8th Under Secretary of State for Public Diplomacy and Public Affairs
- In office February 14, 2014 – December 8, 2016
- President: Barack Obama
- Preceded by: Tara Sonenshine
- Succeeded by: Steve Goldstein

Chairperson and CEO of the National Constitution Center
- In office March 1, 2004 – June 1, 2006
- Preceded by: Joe Torsella
- Succeeded by: Joe Torsella

Personal details
- Born: May 2, 1955 (age 71) New York City, U.S.
- Party: Democratic
- Spouse: Mary Pfaff
- Children: 2
- Education: Princeton University (BA) Christ Church, Oxford

= Richard Stengel =

American journalist (born 1955)

Richard Allen Stengel (born May 2, 1955) is an American editor, author, and former government official.
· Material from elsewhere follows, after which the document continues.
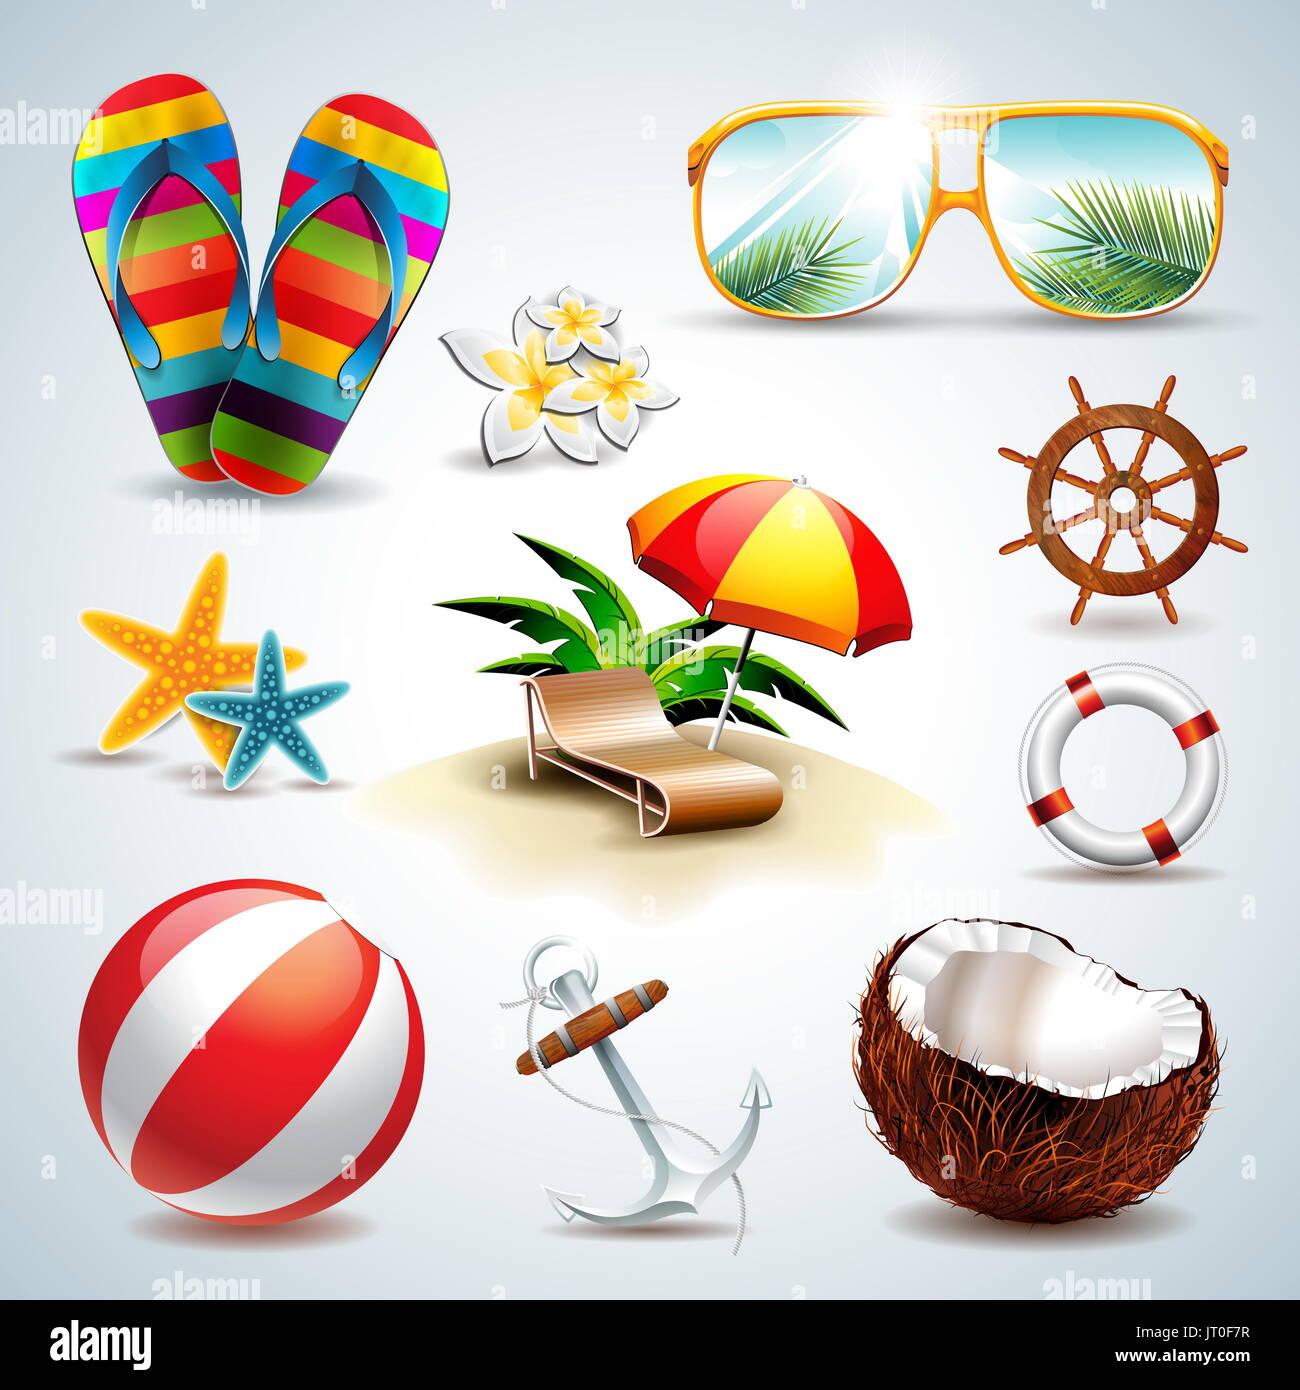 Vacaciones de Verano conjunto de iconos vectoriales sobre fondo claro. Eps10 ilustración. Imagen De Stock

He was Time magazine's 16th managing editor from 2006 to 2013. He was also chief executive of the National Constitution Center from 2004 to 2006, and served as President Obama's Under Secretary of State for Public Diplomacy and Public Affairs from 2014 to 2016. Stengel has written a number of books, including a collaboration with Nelson Mandela on Mandela's autobiography, Long Walk to Freedom.
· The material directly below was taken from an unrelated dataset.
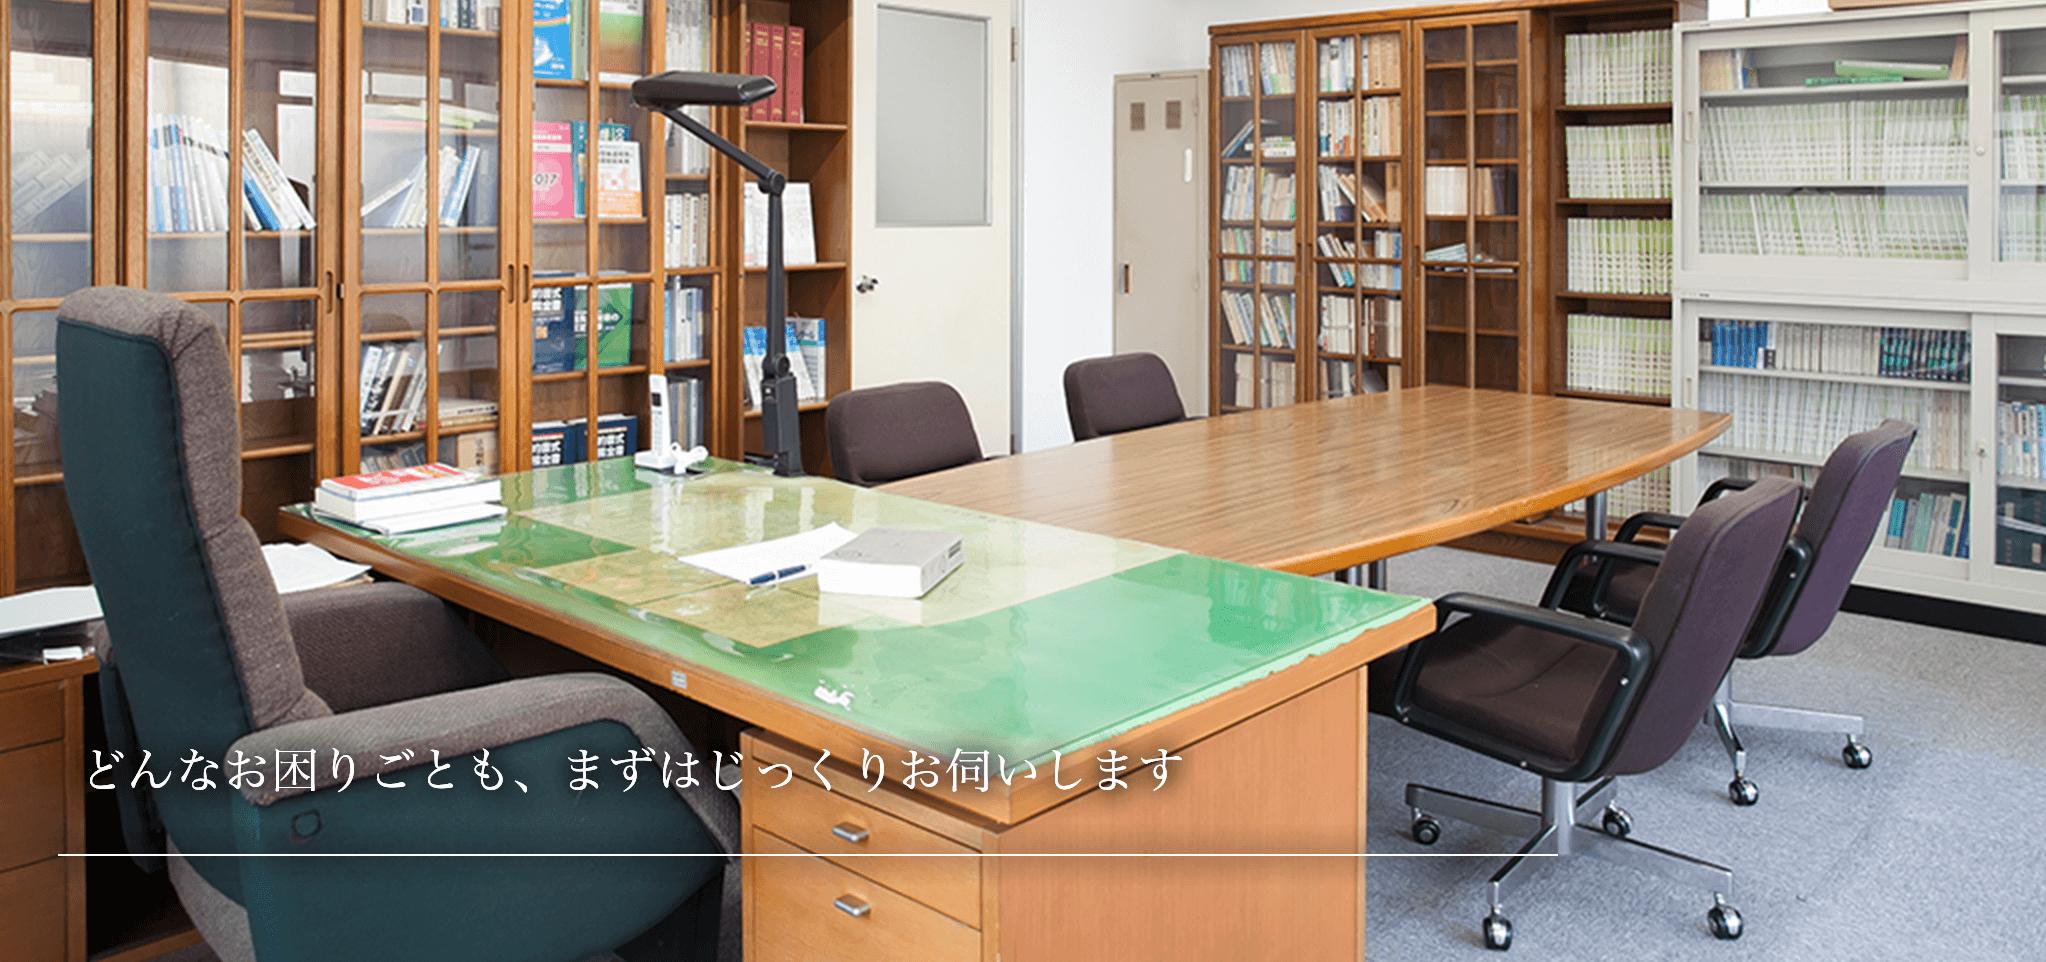 中野法律事務所イメージ01

His 2019 book, Information Wars: How we Lost the Battle Against Disinformation and What to Do About It, recounts his time in the State Department countering Russian disinformation and ISIS propaganda. In December 2022, Audible released Stengel's 10-part podcast, Mandela: The Lost Tapes, which uses more than 60 hours of taped interviews Stengel did with Mandela for Long Walk to Freedom.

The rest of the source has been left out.